» **THE PROBLEM**
Wherever a picture appears in the data below, omit it, and restate everything else word for word.

» **DATA BLOCK**

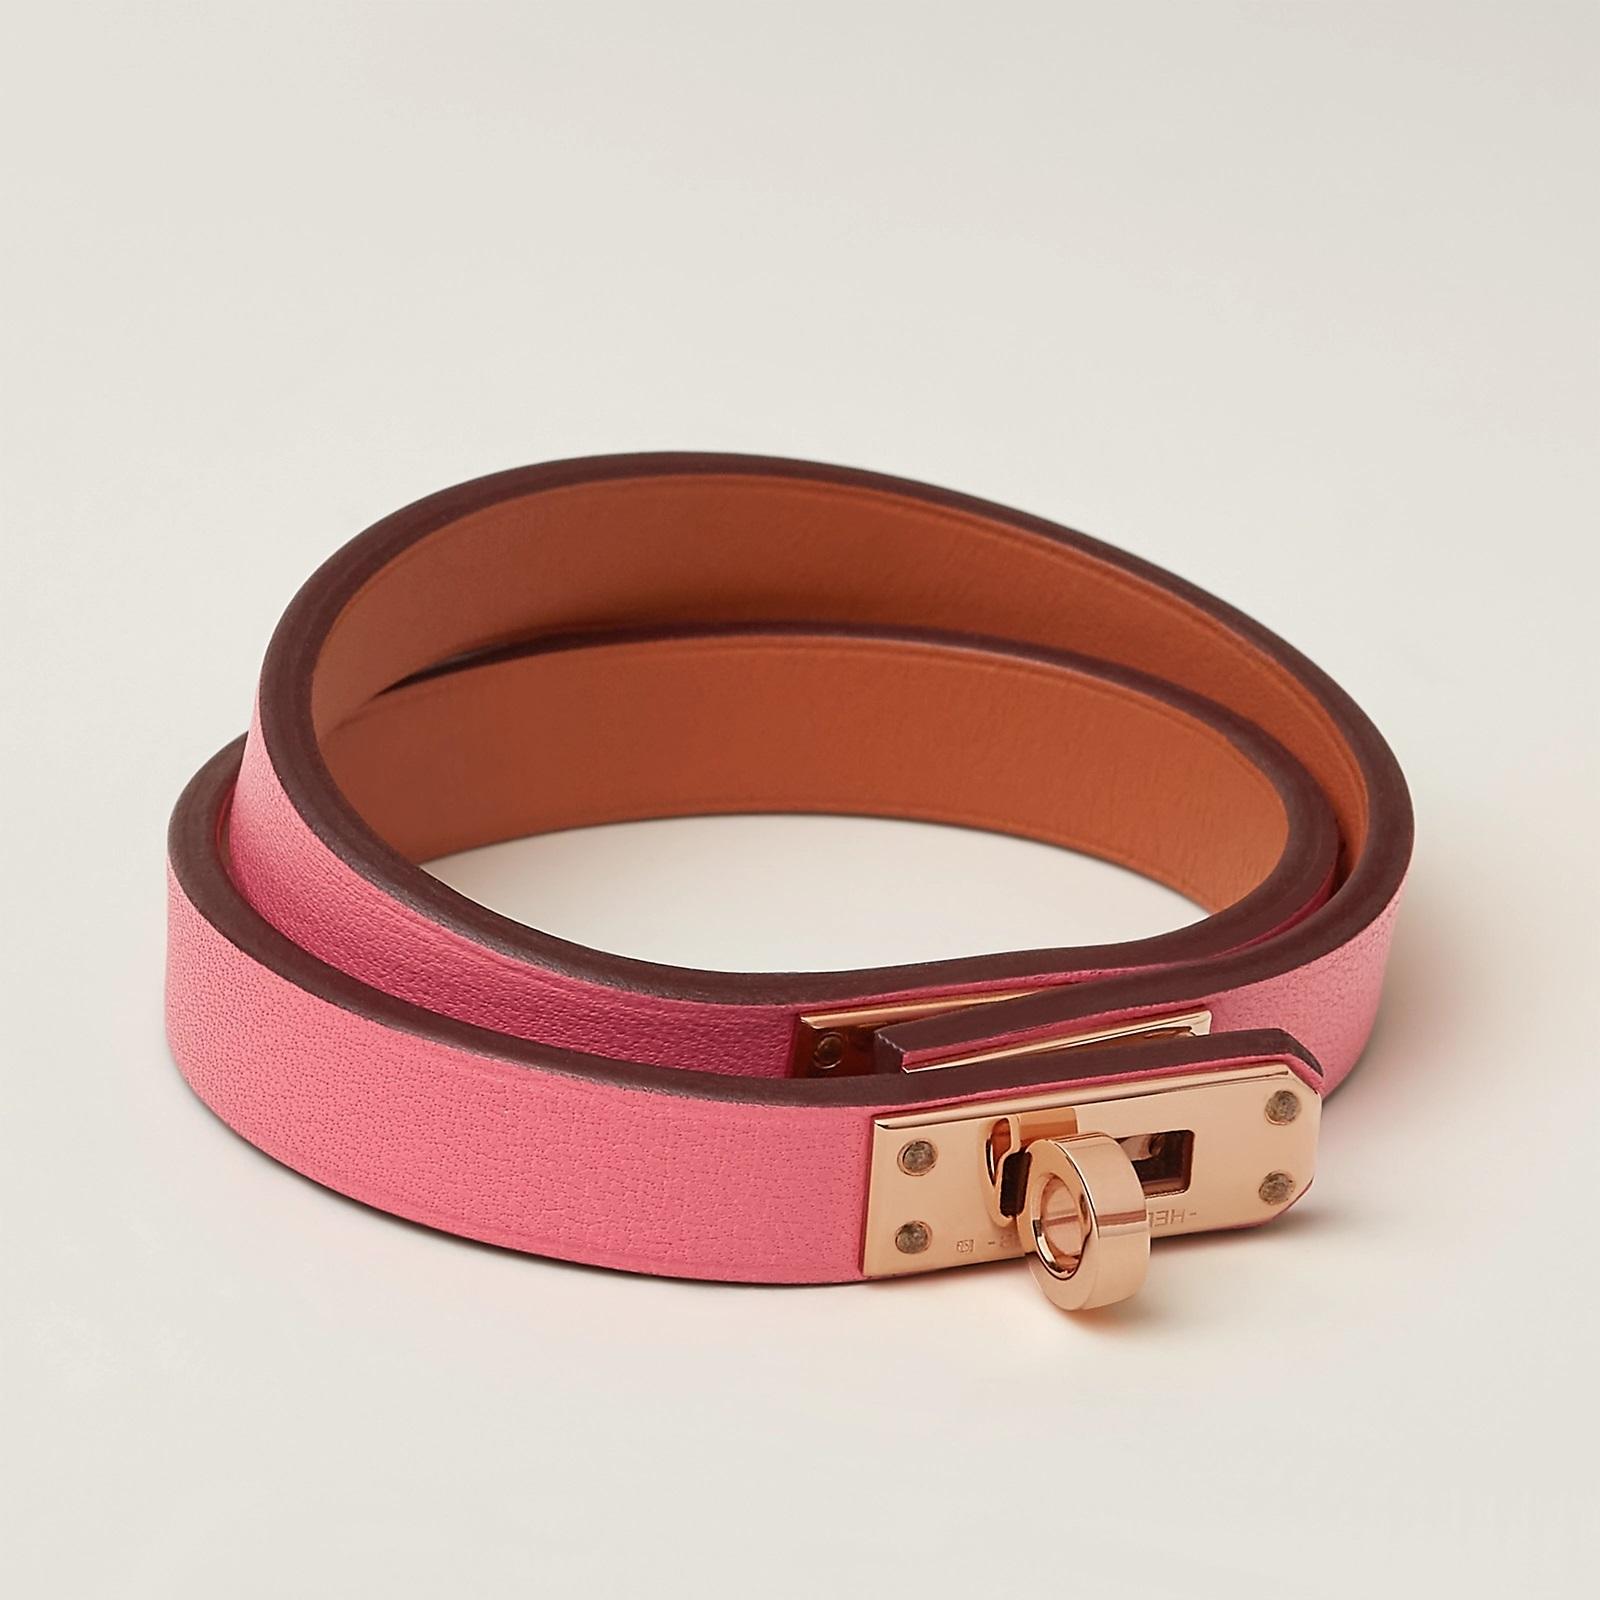 Couleur Rose Azalée Taille T3 16.5cm
Bracelet double tour en cuir de veau Swift avec fermeture mini Kelly en plaqué or rose.
Taille du poignet de 15,5 à 16,5 cm  Largeur du cuir : 1 cm

» **THE ANSWER**
 Couleur Rose Azalée Taille T3 16.5cm
Bracelet double tour en cuir de veau Swift avec fermeture mini Kelly en plaqué or rose.
Taille du poignet de 15,5 à 16,5 cm  Largeur du cuir : 1 cm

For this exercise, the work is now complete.